Russia’s Micex Enters Bear Market as ADR Volumes Surge

The Micex Index entered a bear market while trading volume on the Market Vectors Russia exchange-traded fund jumped as Western nations pressed Russia against moving to annex Ukraine’s Crimea.

The Micex index fell 0.9 percent to 1,237.43 in Moscow yesterday, 21 percent below its January 2013 high, for a 7.6 percent weekly slide, the largest since May 2012. The Market Vectors, the biggest U.S. ETF that holds Russian shares, tumbled 5.5 percent on the week amid volumes three times the 90-day average. The Bloomberg Russia-US Equity Index of the most-traded Russian companies in the U.S. sank 5 percent to a 2010 low, with trading volumes twice the average over the past 12 months.

The U.S. and the European Union are threatening sanctions against Russia if it doesn’t back down from annexing Crimea.
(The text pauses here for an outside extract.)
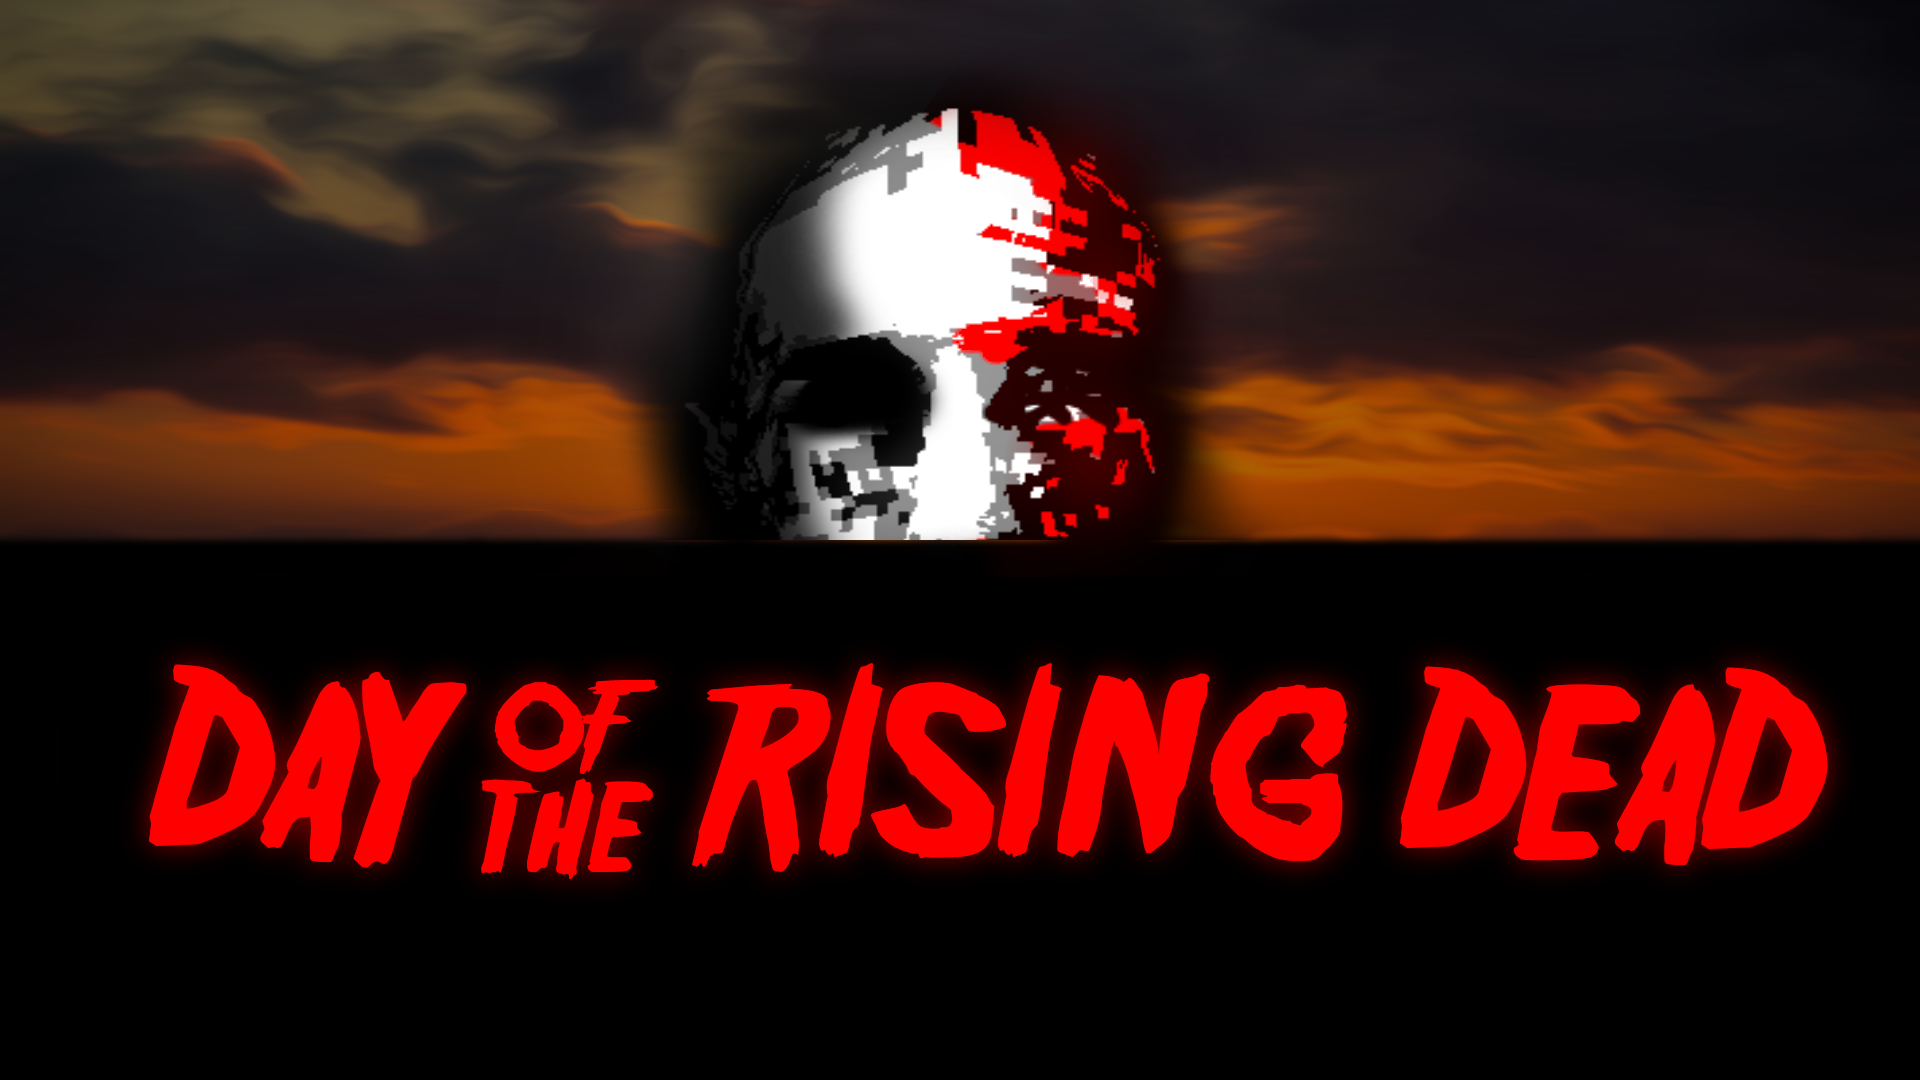 Day of the Rising Dead TRAILER 2021 news Indie DB

President Vladimir Putin “is not prepared to make any decision regarding Ukraine until after the referendum on Sunday” on joining Russia, U.S. Secretary of State John Kerry told a news conference after meeting Russian Foreign Minister Sergei Lavrov.

“Investors are scared of potential sanctions that may follow the Sunday vote,” Dmitry Mikhailov, who helps oversee about $3 billion as a money manager at Alfa Capital Partners Ltd. in Moscow, said by phone today. “People are selling Russian shares as a preventative measure in case sanctions are imposed.”

Power utility OAO Inter RAO UES tumbled 21 percent on the week to 0.68 kopeks, while OAO Mechel, the nation’s biggest coking coal producer, slumped 12 percent to 37.10 rubles.

Cheapest Valuations

Analysts on average expect the Russian central bank to keep its main lending rates unchanged after a surprise hike on March 3. The ruble weakened 0.1 percent to 43.0394 against Bank Rossii’s target basket of dollars and euros.

Russian equities have the cheapest valuations among 21 developing countries monitored by Bloomberg, with shares on the Micex trading at 4.3 times projected 12-month earnings, compared with a multiple of 10 for the MSCI Emerging Markets Index.

The ruble was little changed against the dollar to 36.5970 and fell 0.4 percent against the euro to 50.9525. The local currency has slumped 10.3 percent against the dollar this year, the worst-performer after Argentina’s peso among 24 emerging-market currencies tracked by Bloomberg.

Bank Rossii, which unexpectedly raised its benchmark interest rate by 150 basis points on March 3 to 7 percent, is shifting the ruble corridor by 5 kopeks after spending $1.5 billion. The corridor must have already been shifted once today, Dmitry Dorofeev, a money manager at BCS Financial Group in Moscow, said by phone.